Changing stroke rehab and research worldwide now.Time is Brain! trillions and trillions of neurons that DIE each day because there are NO effective hyperacute therapies besides tPA(only 12% effective). I have 523 posts on hyperacute therapy, enough for researchers to spend decades proving them out. These are my personal ideas and blog on stroke rehabilitation and stroke research. Do not attempt any of these without checking with your medical provider. Unless you join me in agitating, when you need these therapies they won't be there.

What this blog is for:

My blog is not to help survivors recover, it is to have the 10 million yearly stroke survivors light fires underneath their doctors, stroke hospitals and stroke researchers to get stroke solved. 100% recovery. The stroke medical world is completely failing at that goal, they don't even have it as a goal. Shortly after getting out of the hospital and getting NO information on the process or protocols of stroke rehabilitation and recovery I started searching on the internet and found that no other survivor received useful information. This is an attempt to cover all stroke rehabilitation information that should be readily available to survivors so they can talk with informed knowledge to their medical staff. It lays out what needs to be done to get stroke survivors closer to 100% recovery. It's quite disgusting that this information is not available from every stroke association and doctors group.

Wednesday, July 15, 2015

New AHA/ASA guidelines recommend stent retrievers to treat strokes in selected patients

But there is nothing proven here that these stents are placed fast enough to stop the neuronal cascade of death. More proof that our stroke professionals do not know what f*ckingly hard problems in stroke to tackle.
http://www.news-medical.net/news/20150703/New-AHAASA-guidelines-recommend-stent-retrievers-to-treat-strokes-in-selected-patients.aspx
New devices called stent retrievers are enabling physicians to benefit selected patients who suffer strokes caused by blood clots. The devices effectively stop strokes in their tracks.
For the first time, new guidelines from the American Heart Association/American Stroke Association recommend the treatment for carefully selected patients who are undergoing acute ischemic strokes and who meet certain other conditions.
Loyola University Medical Center stroke specialist Jose Biller, MD, is a member of the expert panel that wrote the guidelines, published in the journal Stroke. Dr. Biller is chair of the Department of Neurology of Loyola University Chicago Stritch School of Medicine. Lead author is William Powers, MD, neurology chair at the University of North Carolina at Chapel Hill.
About 85 percent of strokes are ischemic, meaning they are caused by clots that block blood flow to the brain. Treatment with the intravenous clot-busting drug tissue plasminogen activator (tPA) can restore blood flow before major brain damage has occurred, provided the drug is given within 4.5 hours of the onset of the stroke. But in many patients, intravenous tPA alone is not sufficient to restore blood flow. In such cases, mechanical devices deployed with catheters can be used to remove the clot from a cerebral artery.
The latest mechanical device is a stent retriever.
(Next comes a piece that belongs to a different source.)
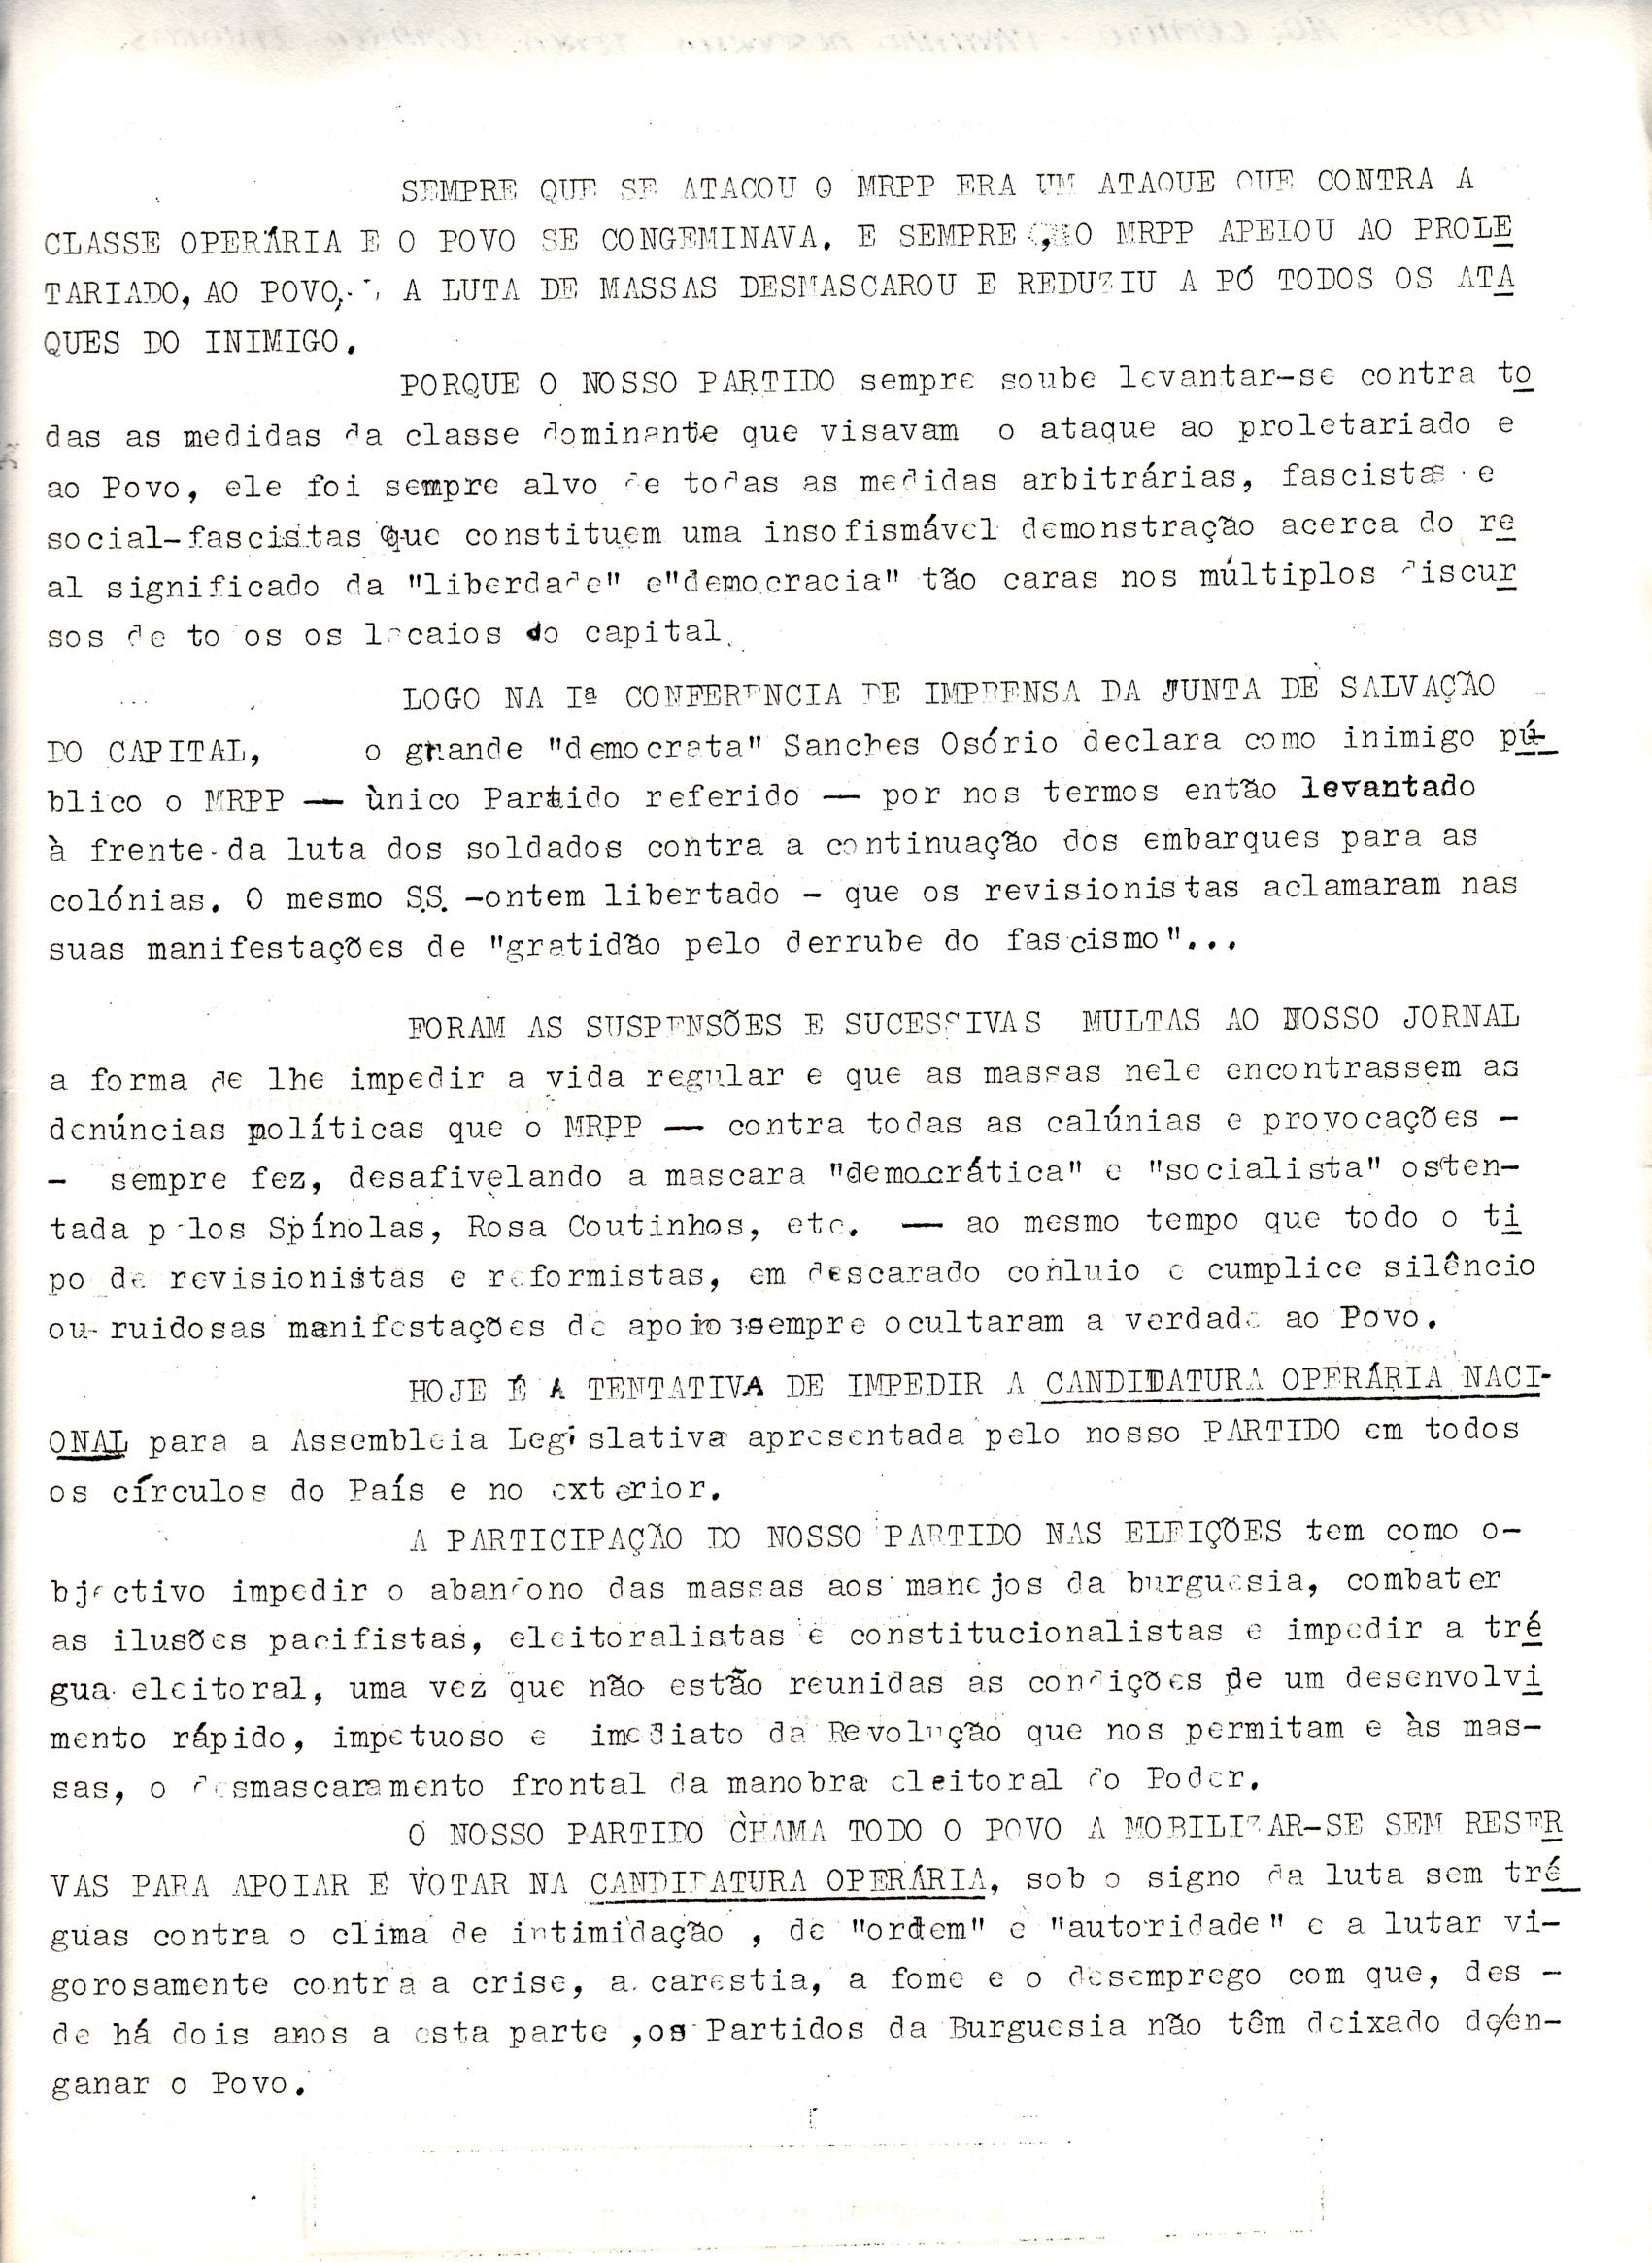 mrpp_1976_eleicao_profs_0004

The device is a self-expanding mesh tube attached to a wire, which is guided through a catheter. The physician inserts the catheter in an artery in the groin and guides it through various blood vessels up to the blood clot in the brain. The stent retriever pushes the gelatinous blood clot against the wall of the blood vessel, immediately restoring blood flow. The stent retriever then is used to grab the clot, which is pulled out when the physician removes the catheter. This technique is known as an endovascular treatment.
Dr. Biller said intravenous tPA remains the first-line therapy for treating appropriate patients with acute ischemic strokes. "In carefully selected patients, endovascular treatment with a stent retriever can provide additional benefit," Dr. Biller said.
After reviewing results of six recent randomized clinical trials, the AHA/ASA expert panel recommended endovascular treatment for patients who are at least 18 years old; have suffered an acute, severe ischemic stroke; have a clot blocking a large artery supplying blood flow to the anterior circulation of the brain; and meet other criteria.
The guidelines say endovascular treatment is quite effective if begun within six hours of the onset of an acute ischemic stroke.
"Time is brain," Dr. Biller said. "In the right patient, treatment with intravenous tPA and a stent retriever potentially can reduce stroke damage significantly. Every effort should be made to treat these patients as early as possible by a multidisciplinary and integrated team of experts."